In other words, if you want a close to 100% chance of keeping your mollies healthy for a long time, keep them in brackish. Even a 10% normal marine salinity (around SG 1.003) does the trick nicely when marine salt mix is used. You can keep any other livebearers in such a tank without problems as well as a whole range of freshwater fish.

But if you can settle for a 50% chance of keeping your mollies healthy, but a 50% chance of having to deal with finrot or fungus, they go ahead and put them in freshwater.

The salt question actually seems less to do with where mollies come from in the wild, so my opinion on that has changed over the years. It seems more probable that the sodium chloride mitigates against nitrate poisoning and the carbonate hardness prevents pH changes, both things mollies seem peculiarly sensitive to.

The addition of marine salt mix is such a no-brainer to me I have no idea why people object to it. Mollies need a hard water aquarium anyway, so why not add some salt? All the other livebearers will thrive in such conditions.

Cheers, Neale

Is there any differing opinions that anyone can share?
 
i've had mollys in freshwater with out salt, but make sure you keep the water changes up. its properly worth using salt; if you can be bothered :)
 
I've been keeping mollies around a year now and they're def my favourite tropical fish, so much so after about 6 months I set up a brackish tank specially for the mollies.
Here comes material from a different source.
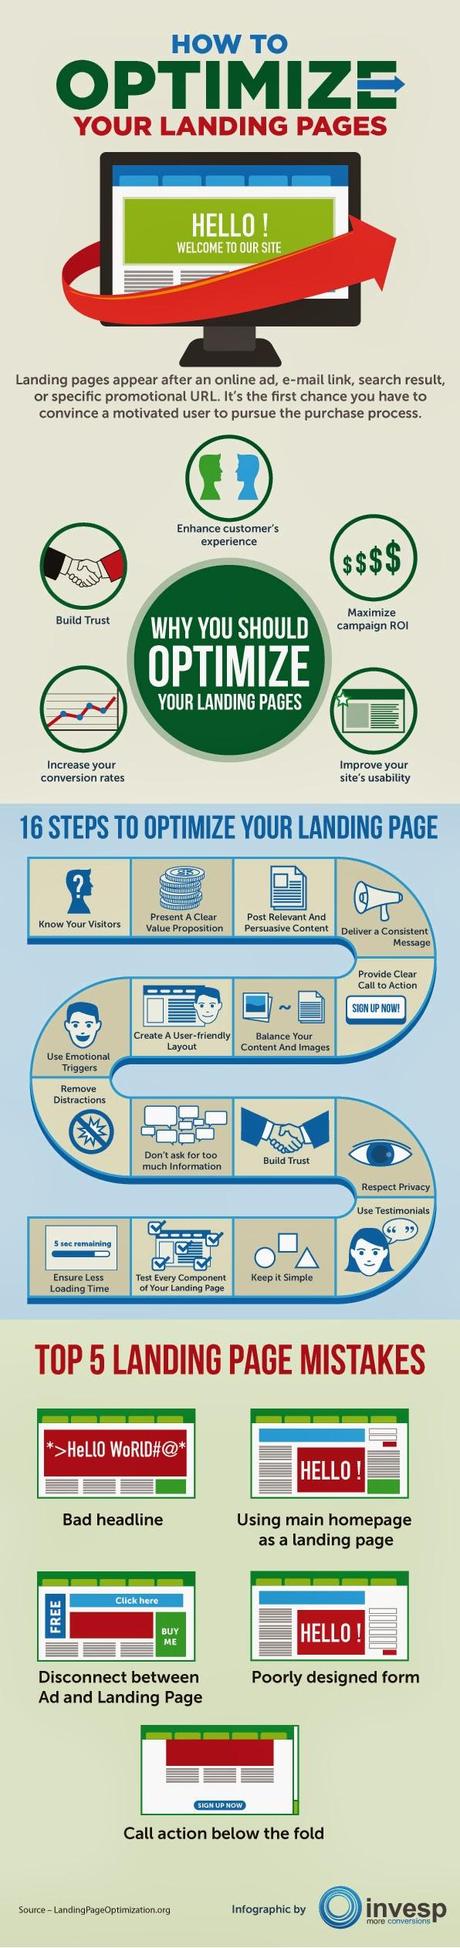 16 Pasos para optimizar una Landing Page [INFOGRAFÍA]

The first 6 months I kept them they would die on me, some within a couple of weeks, one even in days, of bringing them home from LFS. Once I put them in their own tank with marine salt they started doing much better and I have 4 lots of fry at different ages. It's really not a bother either. When you do water changes you add a teaspoon of salt per gallon you're ptting in the tank, you're adding stress coat anyway, so a bit of salt isn't a hardship and your mollies will be much happier for it!